Singkawang, Kalimantan Barat
Sebelum geger emas 8 kg, Bandara Singkawang ternyata sudah lebih dulu “kecolongan” temuan emas batangan 4 kg pada 6 Juni 2026.
Kronologinya singkat tapi janggal. Seorang pria berinisial PIS hendak terbang membawa emas batangan seberat ±4 kg. Saat pemeriksaan X-ray, petugas Aviation Security (Avsec) curiga dan meminta dokumen kepemilikan maupun asal-usul emas. PIS tidak bisa menunjukkan. Penerbangan batal, dan yang bersangkutan memilih membawa emasnya pulang.
Kasus berhenti di situ. Tidak ada penyerahan ke polisi, tidak ada penyitaan.
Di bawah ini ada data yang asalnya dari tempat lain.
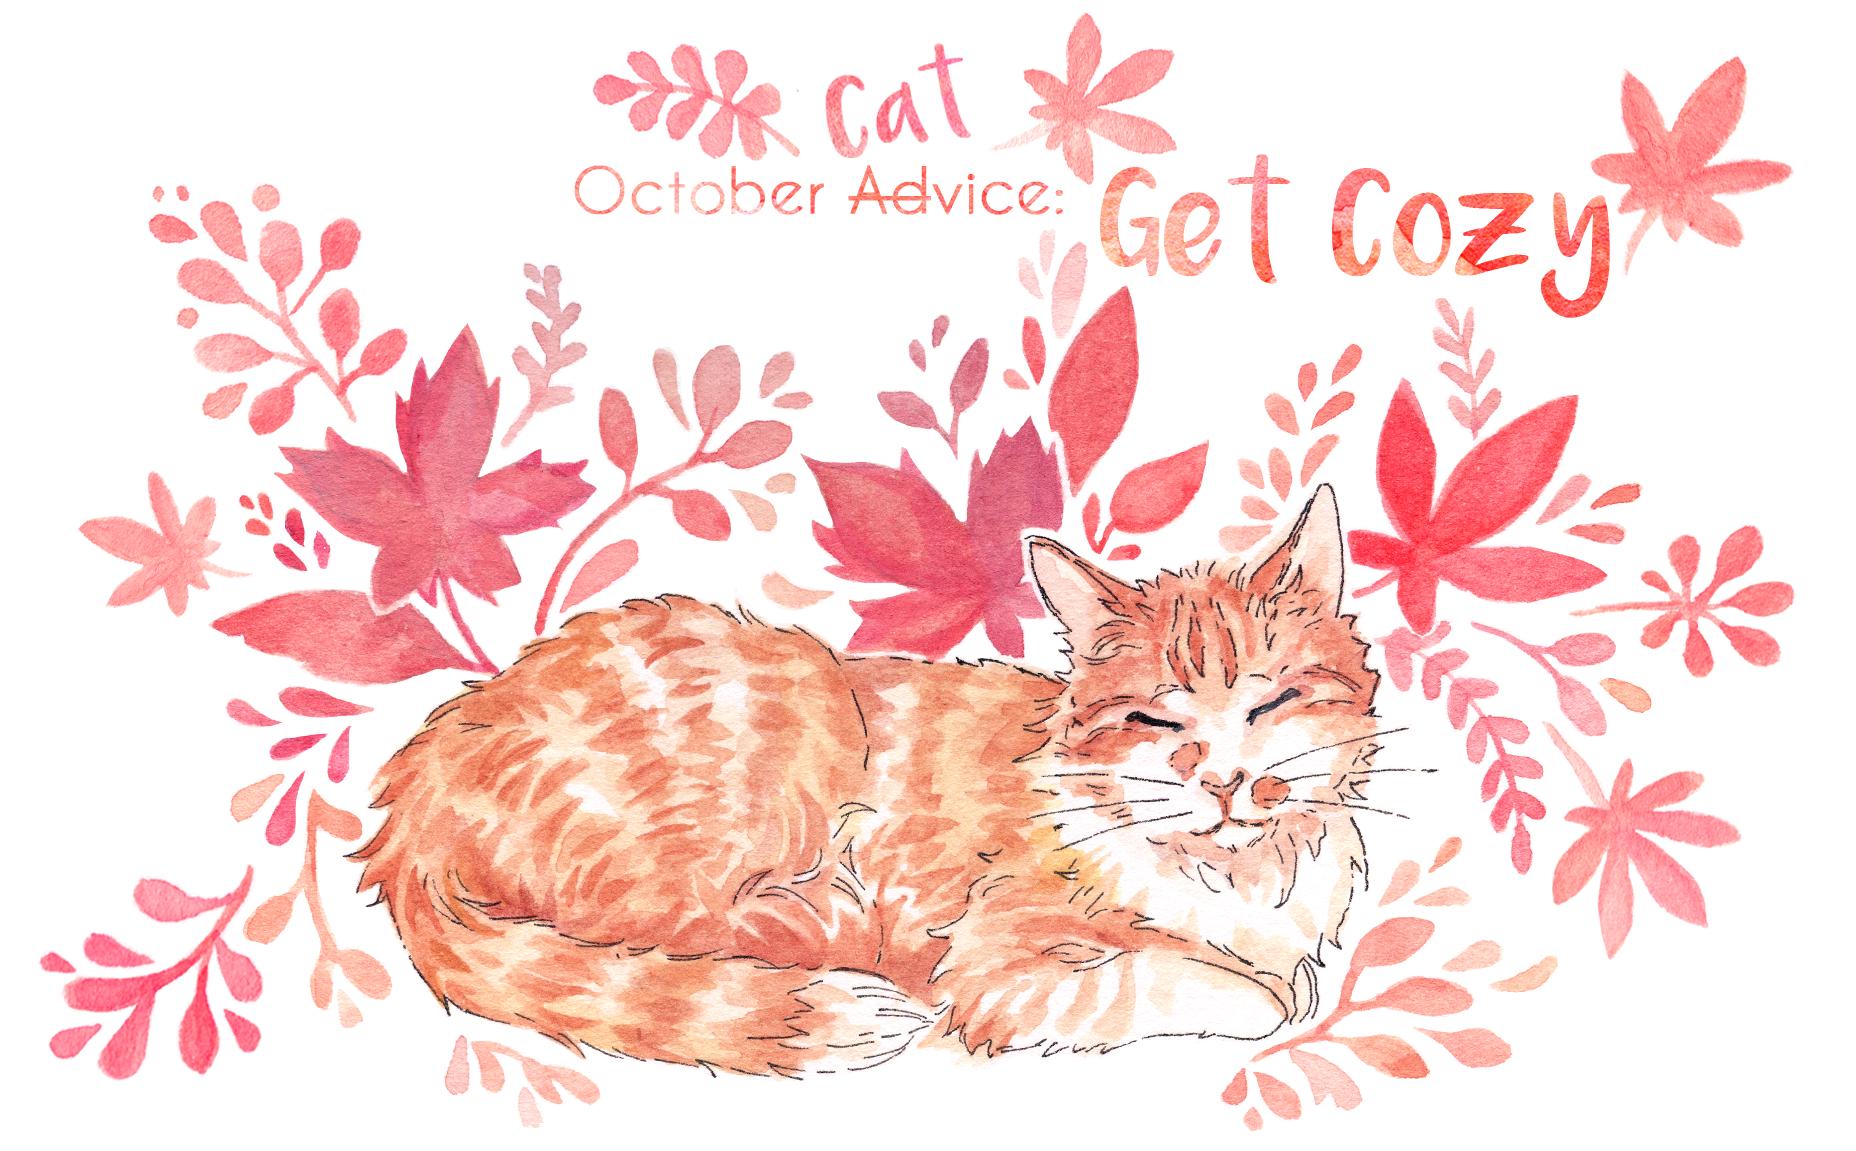 get-cozy-october-catadvice.PNG

Pertanyaan yang Belum Terjawab
1. Kenapa bisa dibawa pulang?
Jika merujuk kasus 8 kg pada 27 Juni 2026, emas yang tidak jelas dokumennya langsung diserahkan Avsec ke Polres untuk verifikasi. Kenapa perlakuan terhadap 4 kg batangan ini berbeda? Apakah SOP Avsec berubah dalam 3 minggu?
2. Batangan vs Perhiasan
Polisi menyatakan emas 8 kg “legal” karena sudah jadi perhiasan dan dokumen lengkap. Kasus 4 kg ini justru batangan. Dalam regulasi, emas batangan lebih ketat aturannya dibanding perhiasan, terutama soal asal tambang dan pajak. Lolosnya 4 kg batangan ini tanpa proses hukum justru memicu tanda tanya.
3. Dari mana asal emas?
Ini pertanyaan publik yang paling liar. Medsos sudah kadung mengaitkan Bandara Singkawang dengan jalur emas PETI Kalbar. Meski itu baru tuduhan tanpa bukti hukum, tidak adanya penjelasan resmi soal nasib 4 kg batangan membuat spekulasi makin subur.
Semua Temuan Harus Di tracing
Muhammad Najib, perwakilan LPK RI Kalbar, menegaskan kasus 4 kg tidak boleh diabaikan meski tidak diproses. “Batangan 4 kg itu bukan jumlah kecil. Kalau tidak ada dokumen, harusnya ditelusuri. Minimal dicatat, dilaporkan ke instansi terkait. Jangan sampai bandara jadi pintu belakang komoditas ilegal.”
Deki Menziano menambahkan, “Publik berhak tahu: apakah PIS sudah dipanggil lagi? Apakah emasnya sudah diverifikasi instansi berwenang? Kalau diam, wajar masyarakat curiga.”
Kontras dengan Soetta
Di Bandara Soekarno-Hatta, 17,55 kg emas digagalkan penyelundupannya dalam 12 kasus sebulan terakhir. Nilainya Rp 45,7 M.
Modusnya disembunyikan di koper sampai mi instan. Pertanyaannya: apakah bandara daerah punya kemampuan deteksi dan ketegasan yang sama?.
Status Terkini: Menggantung
Hingga 4 Juli 2026, belum ada keterangan resmi dari Polres Singkawang, BKSDA, ESDM, maupun Bea Cukai soal tindak lanjut temuan 4 kg ini.
Emasnya dibawa pulang, kasusnya menguap, tapi kecurigaan publik tidak
Kasus 8 kg mungkin sudah “legal” versi polisi. Tapi kasus 4 kg batangan ini adalah PR transparansi yang belum dijawab. Sebab sekali celah dibiarkan, publik akan bertanya: berapa banyak “4 kg” lain yang lolos sebelum dan sesudahnya?
Catatan redaksi: Pihak PIS belum memberikan keterangan. Segala dugaan keterkaitan dengan PETI masih bersifat tuduhan yang belum terbukti secara hukum. Asas praduga tak bersalah berlaku.